Nothing is impossible for God right? Then how is it possible for God to forget our sins after He’s forgiven them? It’s sounds like a complete contradiction?

Isaiah 43:25, “I, even I, am the one who wipes out your transgressions for My own sake, and I will not remember your sins.”

This is a remarkable statement by God to His people Israel after He goes into detail in all the preceding verses about how they’ve been sent into exile because of their sin and how they rebelled against Him and forgot Him, yet God promises to bring them back from the north, south, east and west – even though they were only going into the Babylonian captivity at that time (God knew there would be another dispersion in their future into the entire world) – and that when He would bring them back, wipe out their transgressions and not remember their sins.

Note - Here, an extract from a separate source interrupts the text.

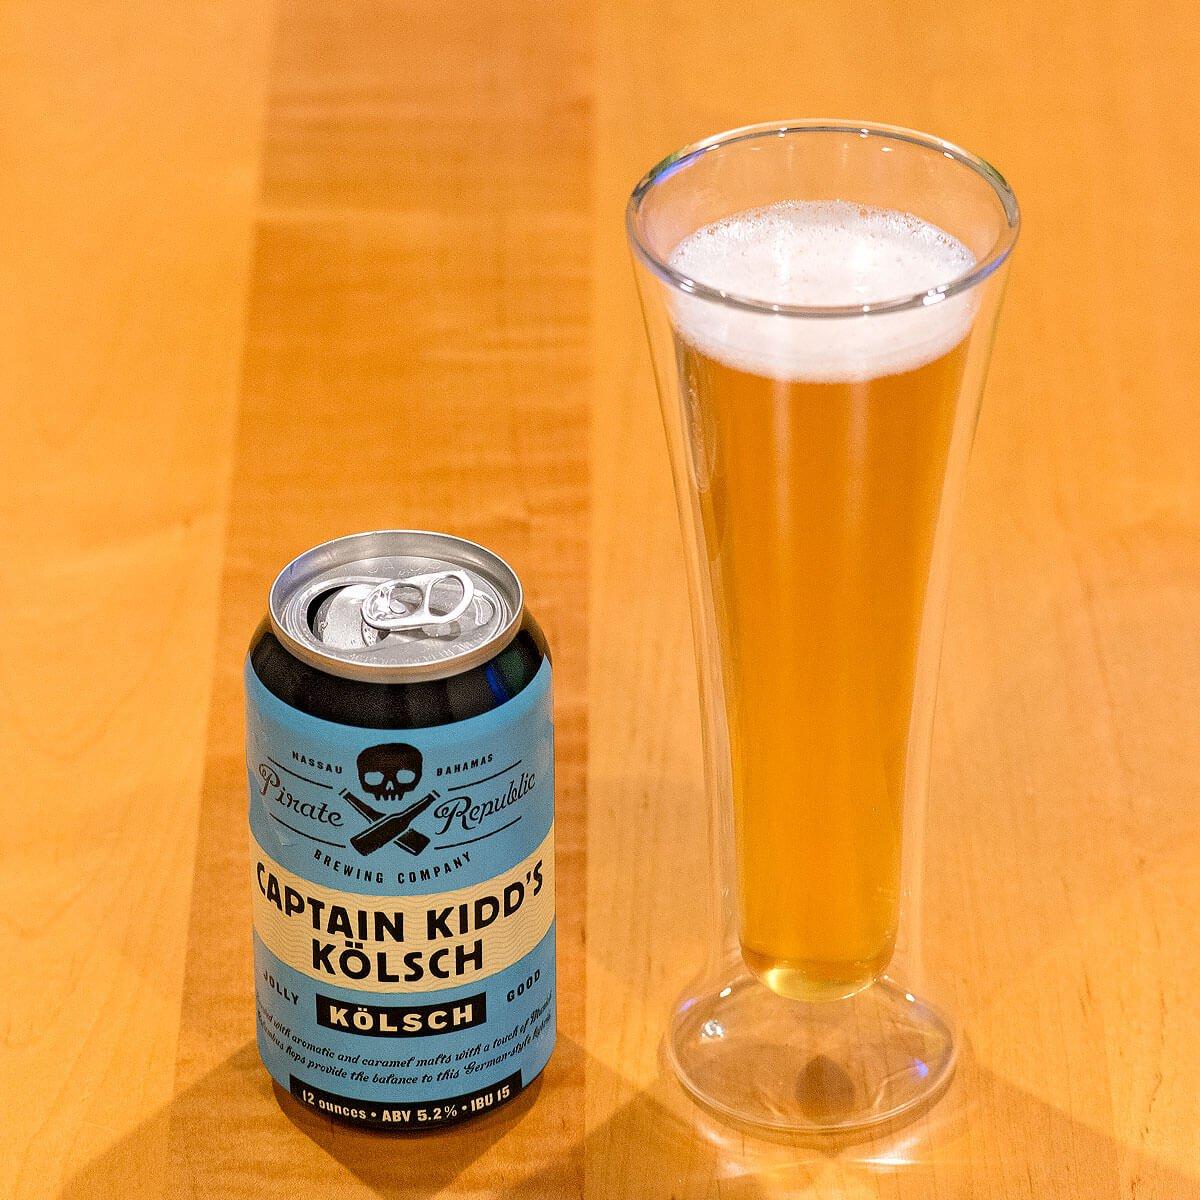 Captain Kidd's Kölsch, a German-style Kölsch by Pirate Republic Brewing Company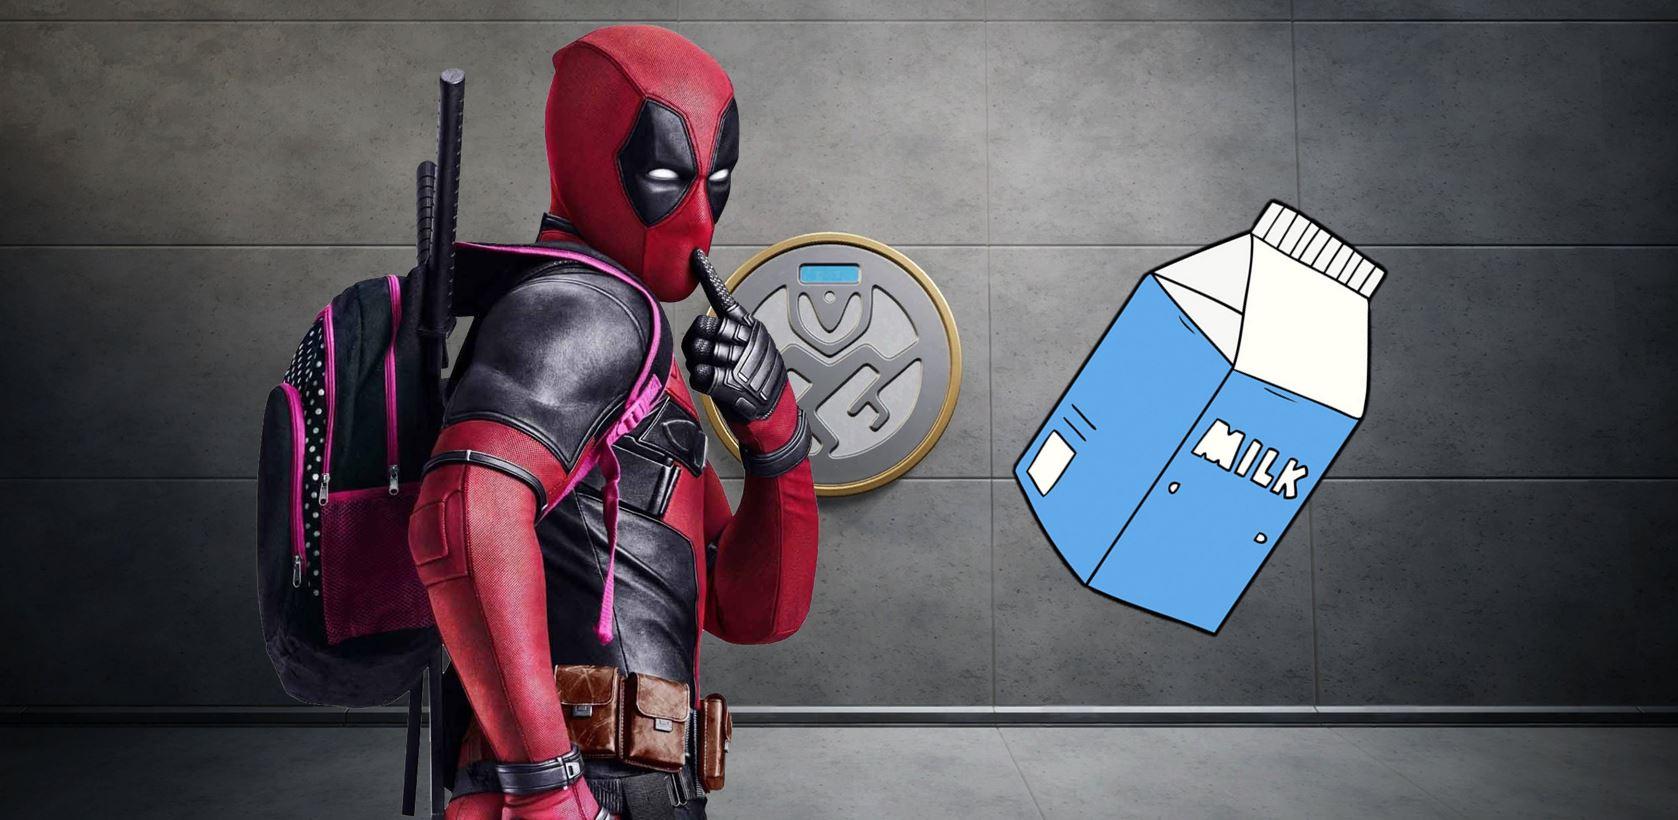 C:\Users\Yousef Shafi\Desktop\Find Deadpools Milk Carton Fortnite.jpg

Hebrews 8:10-12, “For this is the covenant that I will make with the house of Israel after those days, says the Lord: I will put My laws into their minds and I will write them on their hearts and I will be their God, and they shall be My people. And they shall not teach everyone His fellow citizen and everyone his brother, saying, ‘Know the Lord,’ for all will know Me, from the least to the greatest of them. For I will be merciful to their iniquities and I will remember their sins no more.”

This is God’s promise to His people that when He establishes His New Covenant with them, He will be merciful toward them and forgive their sin and indeed, He won’t remember their sin anymore!

Hebrews 10:14-17, ‘For by one offering He has perfected for all time those who are sanctified. And the Holy Spirit also testifies to us; for after saying, “This is the covenant that I will make with them after those days,” says the Lord: “I will put My laws upon their heart and on their mind I will write them,” He then says, “And their sins and their lawless deeds I will remember no more.”‘

Again, God promised to establish a New Covenant with His people and His promise included all their sins being forgotten.

Psalm 103:10-13, ‘He has not dealt with us according to our sins, nor rewarded us according to our iniquities. For as high as the heavens are above the earth, so great is His lovingkindness toward those who fear him. As far as the east is from the west, so far has He removed our transgressions from us. Just as a father has compassion on his children, so the Lord has compassion on those who fear Him.’

How can God forget something when He knows everything? Sometimes there are Bible passages that make you scratch your head trying to understand them. Again, how can God, in His infinite intelligence and knowledge, forget anything, let alone the entire accumulation of the sins of all His children?

The other side of this subject is that the Lord said that we are to forgive the sins of others in the same way He’s forgiven us our sins.

Does God really expect us to forgive and to forget the sins of others?

I heard a story about a young woman who had been raped by a babysitter when she was only 10 years old and over many years she tried very hard to forgive her attacker however she was most distressed by the fact that she couldn’t forget the horror of what happened to her. What concerned her most was that if she couldn’t forget, perhaps she hadn’t really forgiven and therefore, God wouldn’t forgive her either. How could anyone possibly forget such a crime?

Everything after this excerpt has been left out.